TASK TO COMPLETE: In the data below, reproduce everything exactly except the images.

(DATASET EXCERPT begins)

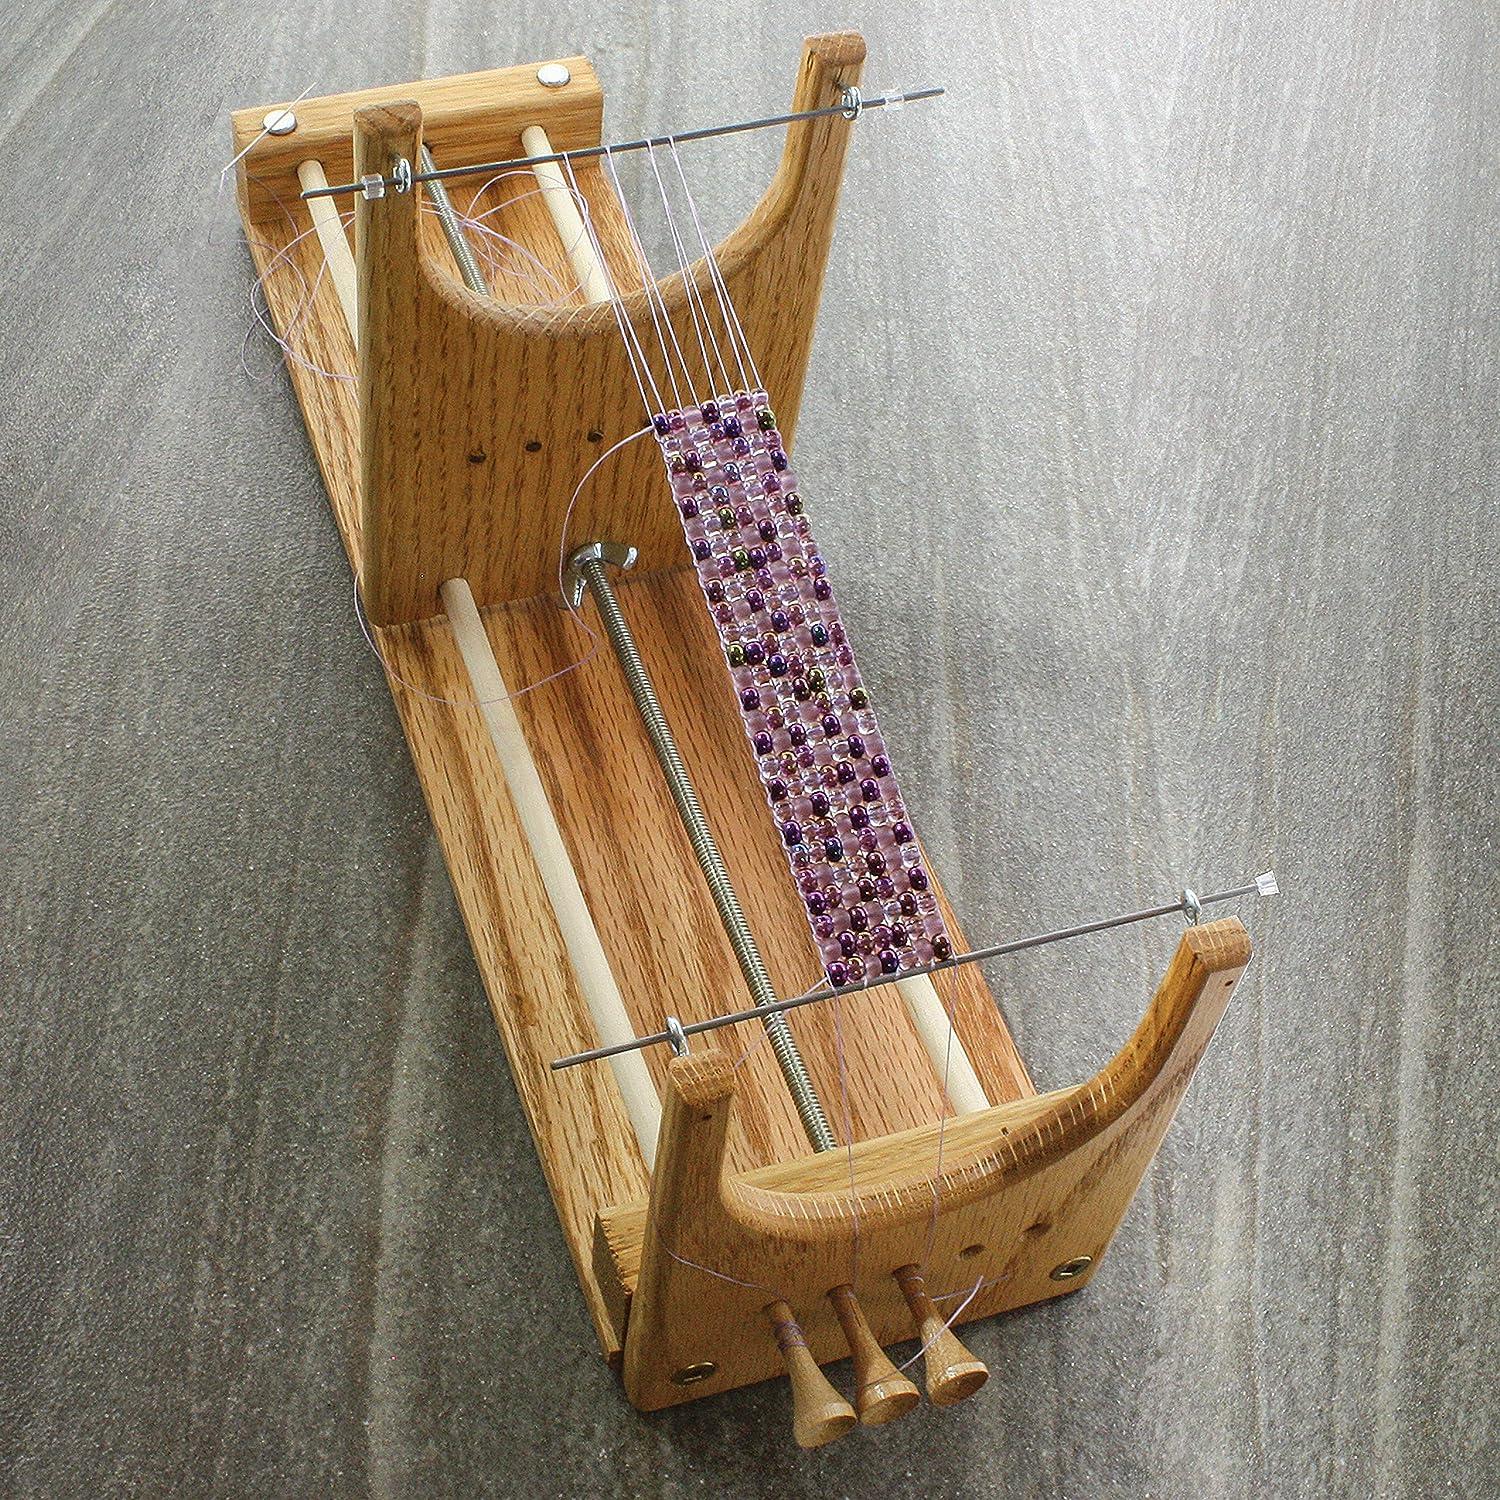 The Beadsmith® Rick's Beading Loom
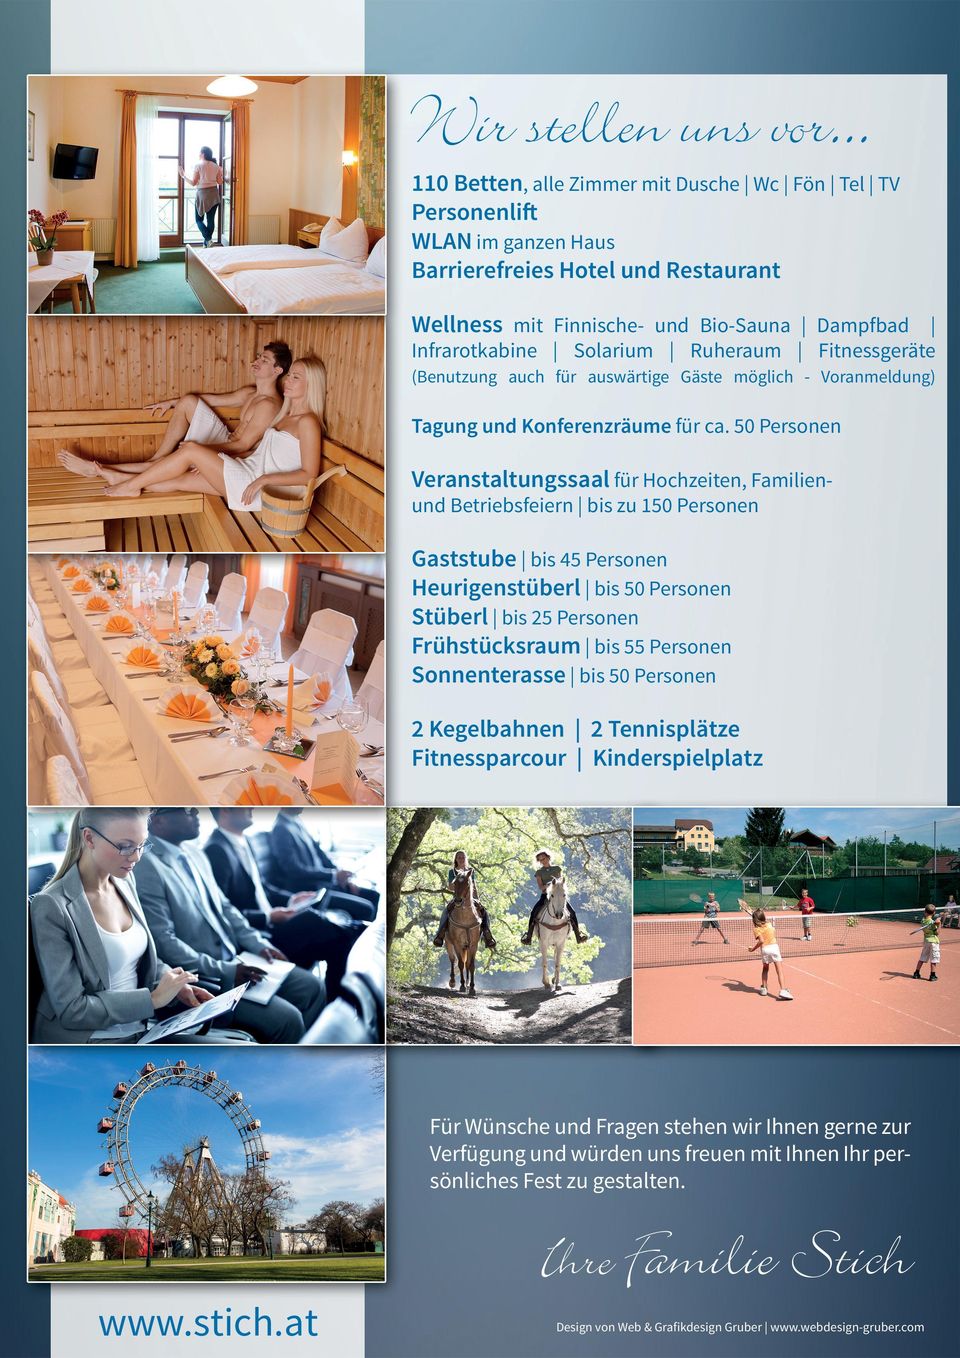 Ruheraum Fitnessgeräte (Benutzung auch für auswärtige Gäste möglich - Voranmeldung) Tagung und Konferenzräume für ca.
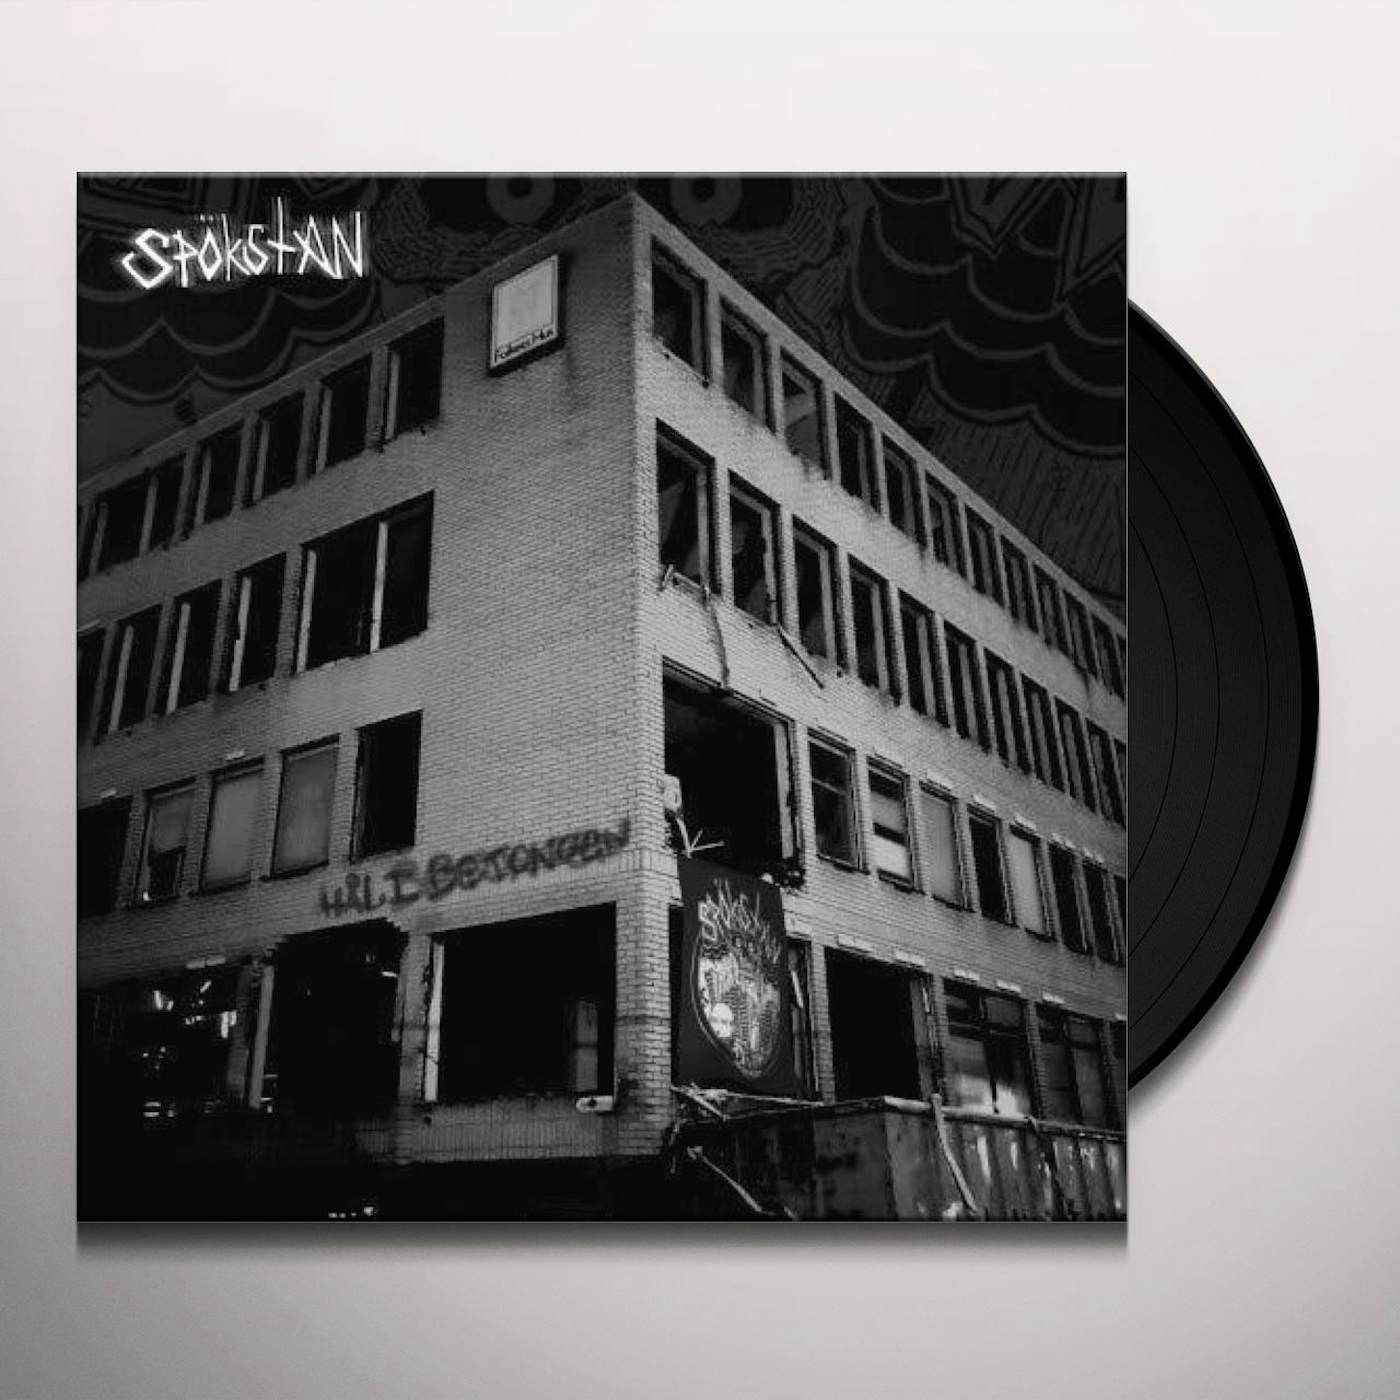 Spökstan Hal i betongen lp Vinyl Record

(DATASET EXCERPT ends)

FINISHED TASK:
 The Beadsmith® Rick's Beading Loom
 Ruheraum Fitnessgeräte (Benutzung auch für auswärtige Gäste möglich - Voranmeldung) Tagung und Konferenzräume für ca.
 Spökstan Hal i betongen lp Vinyl Record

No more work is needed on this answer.